In this episode of Art of Citizenry Podcast, we slow down the AI conversation to ask harder questions – not just about what these systems can do, but who built them, who profits from them, and what we give up by using them. Host, Manpreet Kaur Kalra is joined by Vauhini Vara, author of Searches: Selfhood in the Digital Age and longtime journalist covering Big Tech, to unpack the structural forces at play behind the AI boom.
Together, we explore how AI is less a neutral technology than a mirror of the economic and ideological forces that built it. A social system shaped by corporate incentives, embedded bias, and the quiet erosion of our ability to define truth for ourselves and what it means for all of us when the infrastructure shaping that truth is privately owned, profit-driven, and constantly learning from us.
This isn't a conversation with easy answers. It's about sitting with complexity, and the uncomfortable reality that opting out is rarely simple.
In this episode, we explore:
AI as a corporate product, not a neutral tool. Large language models (LLMs) like ChatGPT and Claude are expensive to build and maintain, which means they will always reflect the goals, values, and profit incentives of the companies behind them. When we treat AI's outputs as authoritative, we risk outsourcing our sense of truth to privately-owned, profit-driven infrastructure.
Language as labor. Writing isn't just output; it's expression, persuasion, and relationship. The monetization of language has made it a target for automation.
The legal landscape: copyright, consent, and accountability. We dig into the growing body of litigation around AI training data, including:
The New York Times v. OpenAI and Microsoft, a landmark copyright infringement lawsuit filed in late 2023.
Bartz v. Anthropic, a case brought forward by a group of writers against Anthropic, the makers of Claude alleging that the company used large quantities of scanned and pirated books to train its system.

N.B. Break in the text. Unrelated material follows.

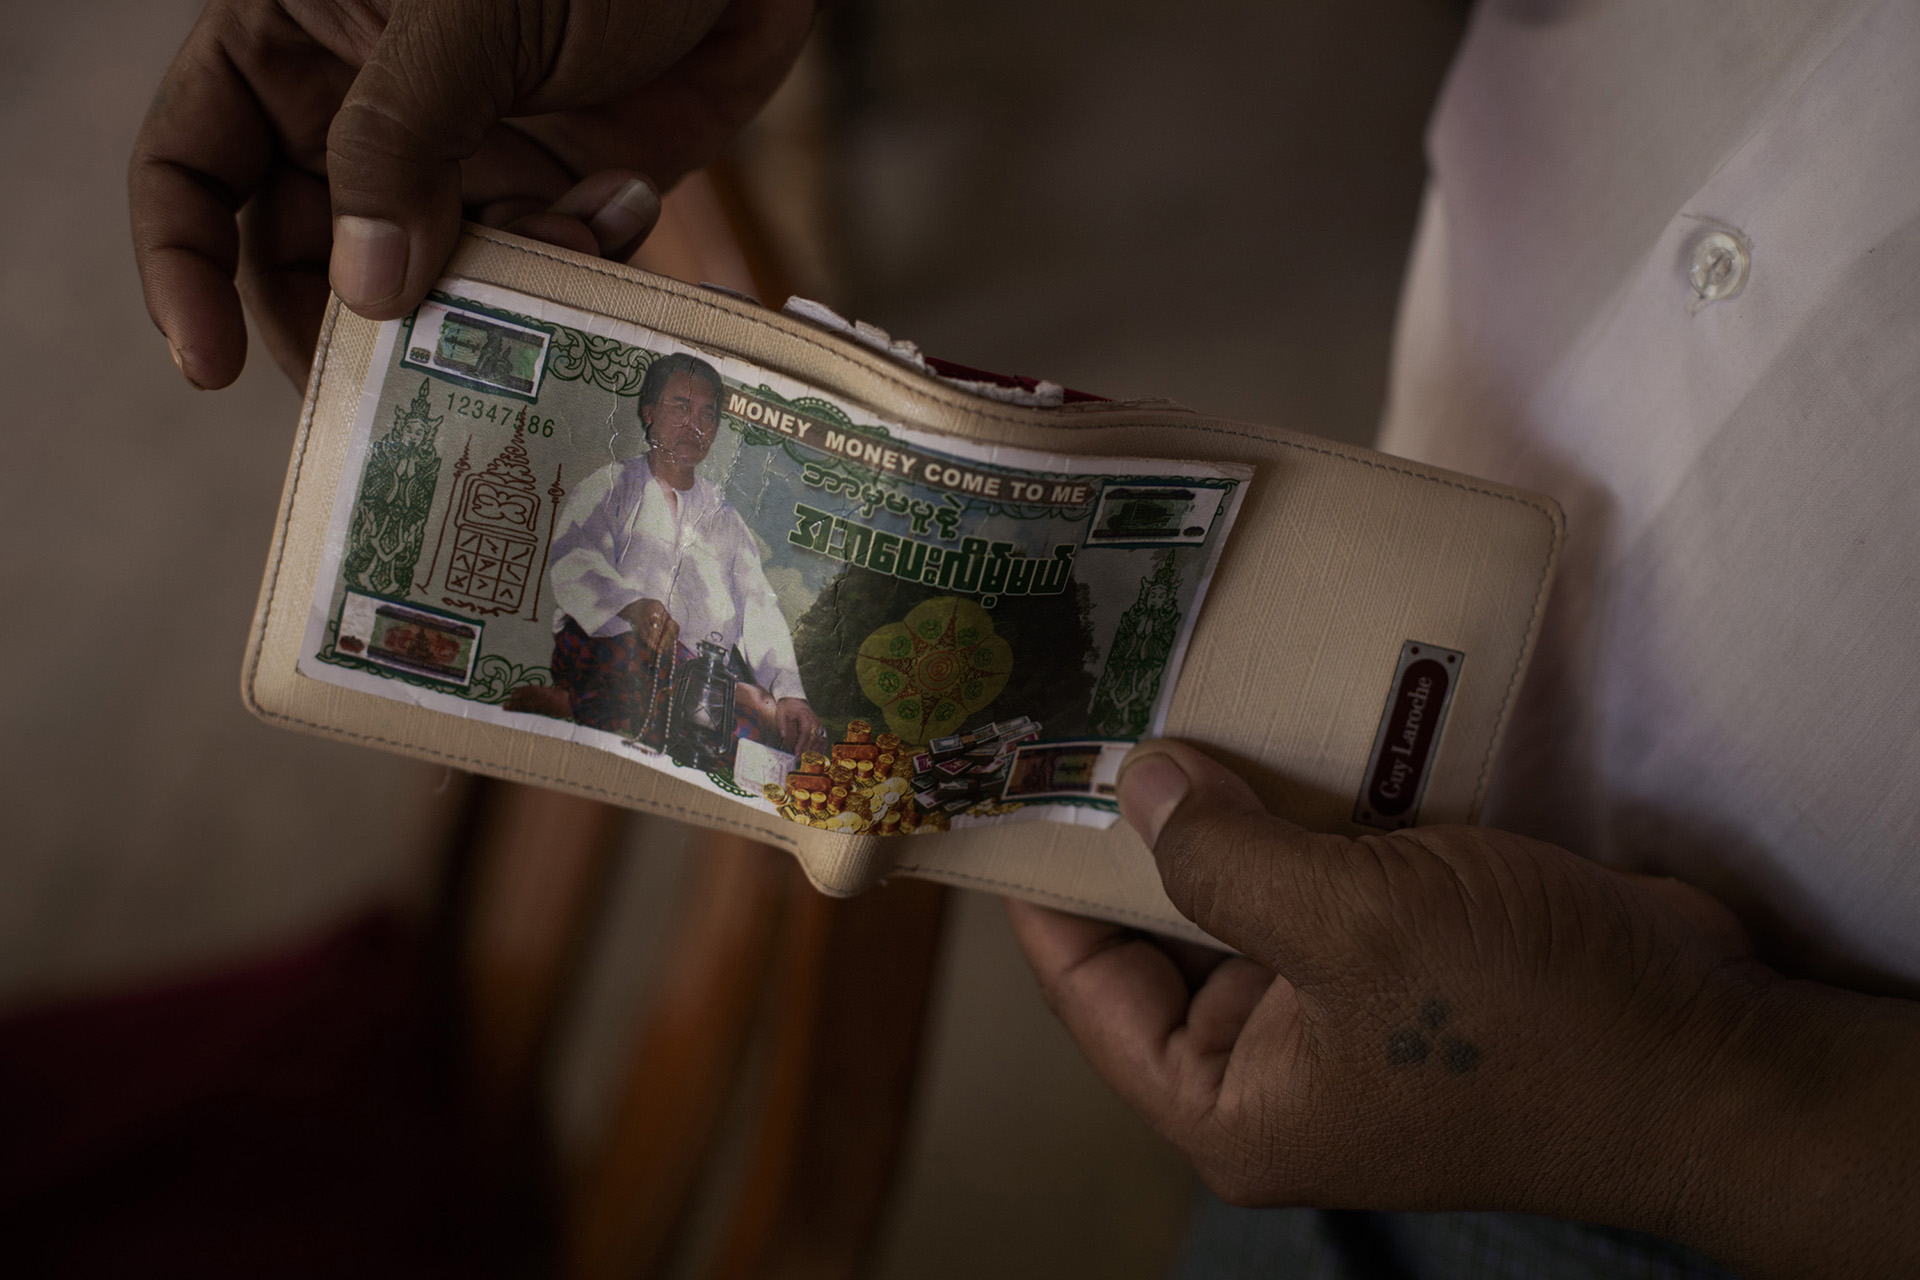 """Un serveur exhibant le billet porte bonheur qu'il a eu chez Kaung Si Thu, un astrologue réputé de Bagan. Sur ce faux billet on lit notamment """"Money, money come to me"""". Bagan, Birmanie, Mai 2015."""

AI Bias (beyond the obvious). Bias in AI isn't just about harmful outputs. It lives in training data, design decisions, corporate incentives, and moderation policies. We explore selection bias, stereotyping bias, and the ideological bias embedded in how these platforms are trained.
How platforms learn us. Vauhini shares how she deliberately preserves her Google search history and why that archive, while personally useful, also gives Google an intimate and monetizable portrait of her life. The same dynamic applies across Amazon, Meta, OpenAI, and beyond: unless legally prohibited (as in the EU), data collection is opt-in by default, and most people don't know to opt out.
From shareholder pressure to alternative funding models. Wikipedia, Firefox, Signal, municipal broadband – we ask whether it's possible to build technology aligned with public benefit rather than private profit. And we sit with the uncomfortable truth that imagining something different is harder when we're operating inside a system already shaped by capitalism's logic.
AI isn’t just a technical system. It’s a social and economic one. The outputs we see reflect the data they’re trained on, the incentives of the companies building them, and the broader political economy of the internet. If we want different outcomes from AI, the conversation must expand beyond engineering fixes to include questions of ownership, accountability, and power.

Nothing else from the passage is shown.